+++ PROVIDED INFORMATION +++

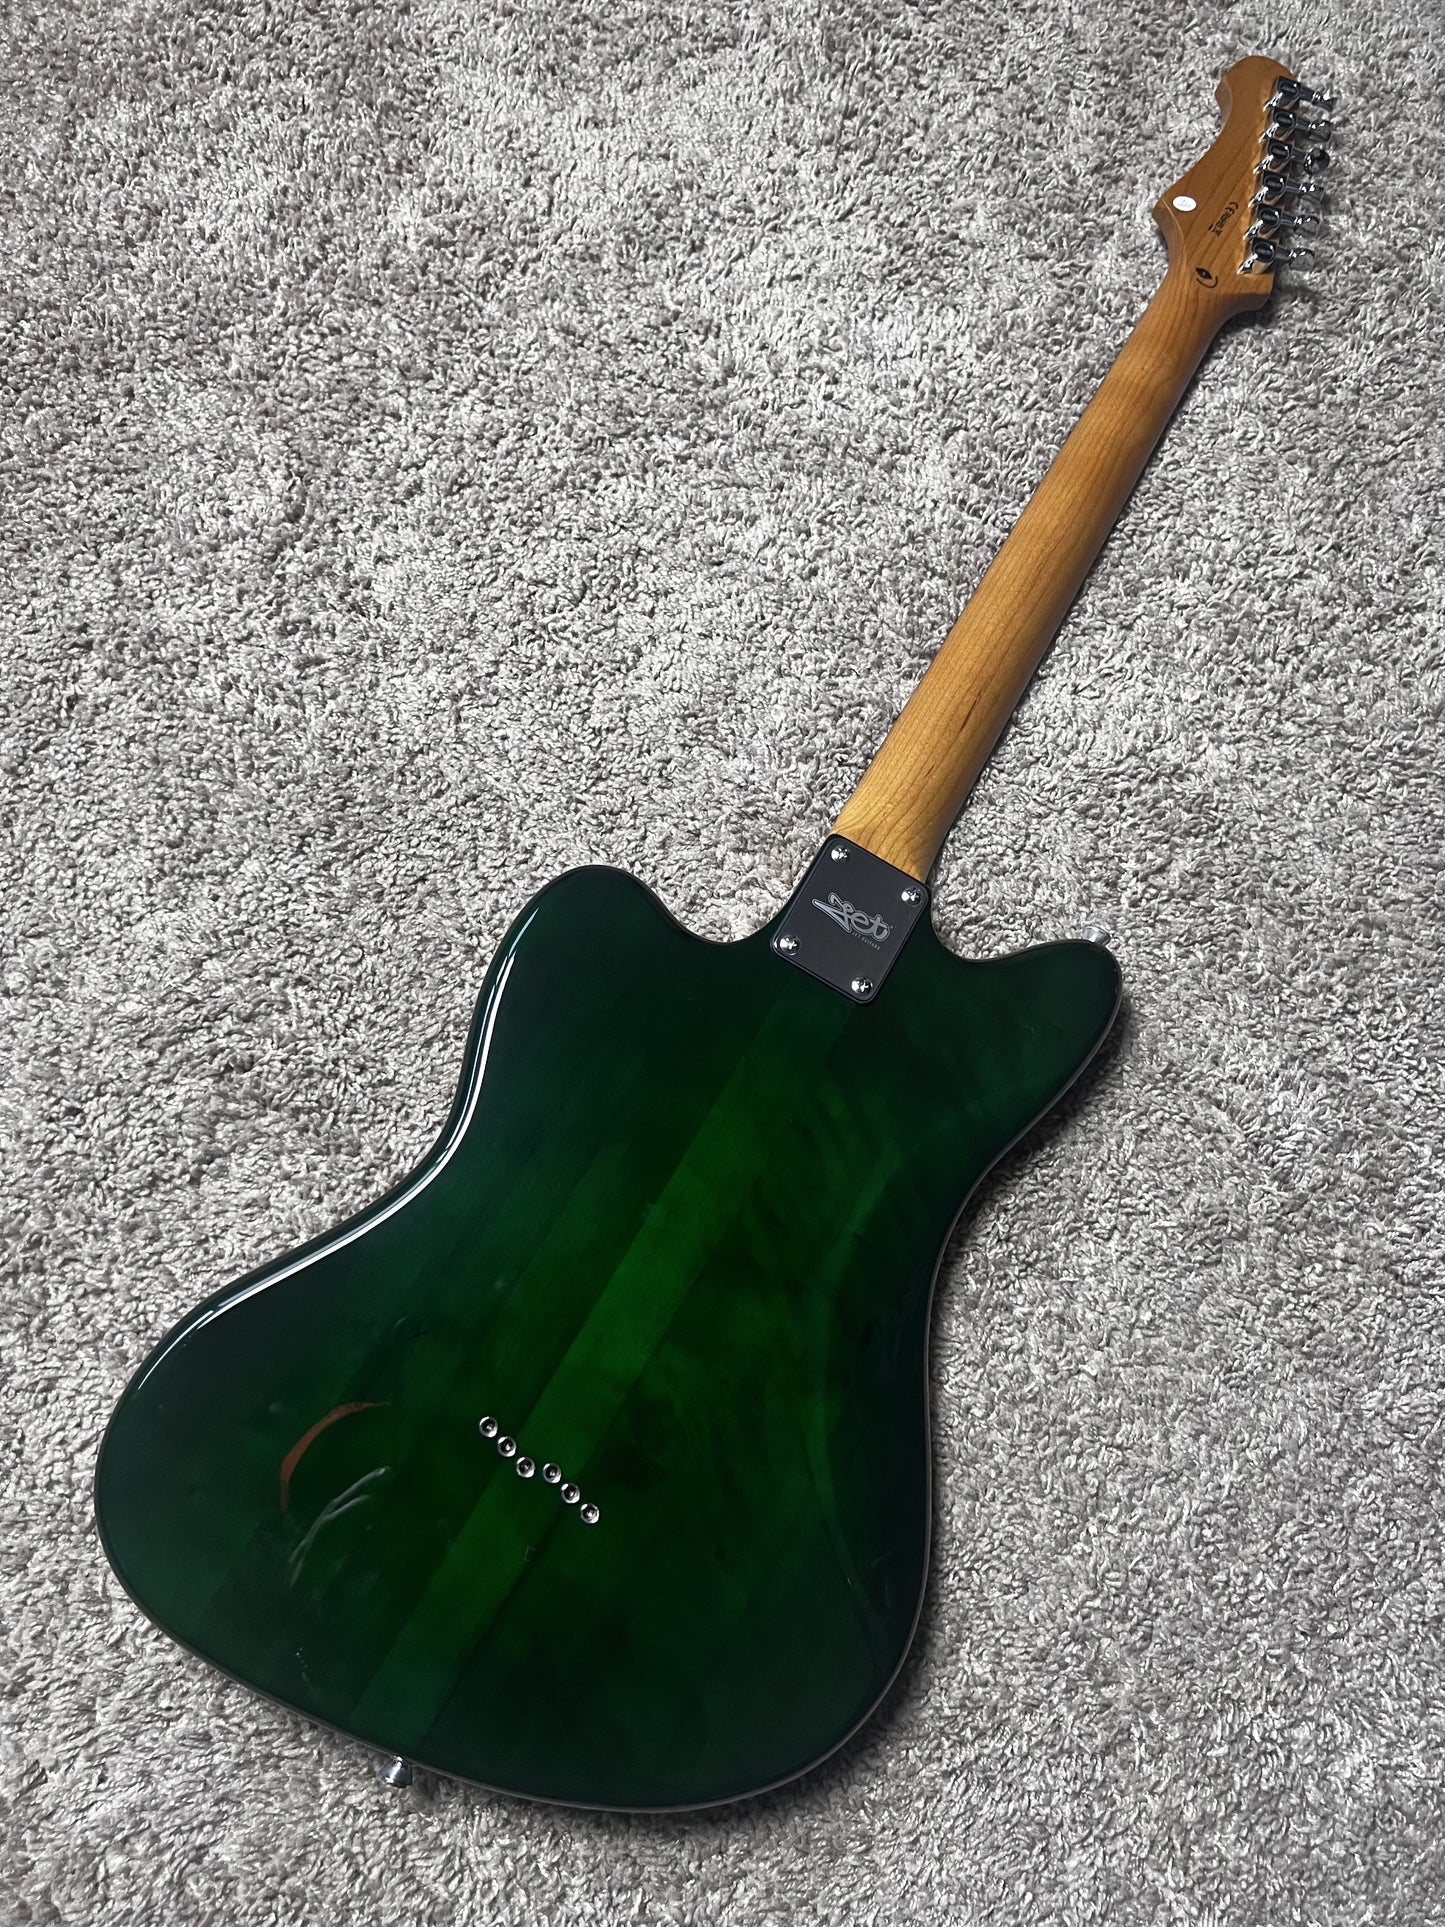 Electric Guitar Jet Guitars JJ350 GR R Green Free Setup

+++
+++ PROVIDED INFORMATION +++

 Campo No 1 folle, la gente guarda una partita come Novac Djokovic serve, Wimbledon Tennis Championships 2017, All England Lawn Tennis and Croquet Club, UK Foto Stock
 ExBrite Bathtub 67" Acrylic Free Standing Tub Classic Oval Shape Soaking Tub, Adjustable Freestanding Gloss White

+++

Every line above from the line with "Campo No 1 folle, la" to the line with "Freestanding Gloss White", inclusive, must be returned exactly; no other line belongs in the reply.

 Campo No 1 folle, la gente guarda una partita come Novac Djokovic serve, Wimbledon Tennis Championships 2017, All England Lawn Tennis and Croquet Club, UK Foto Stock
 ExBrite Bathtub 67" Acrylic Free Standing Tub Classic Oval Shape Soaking Tub, Adjustable Freestanding Gloss White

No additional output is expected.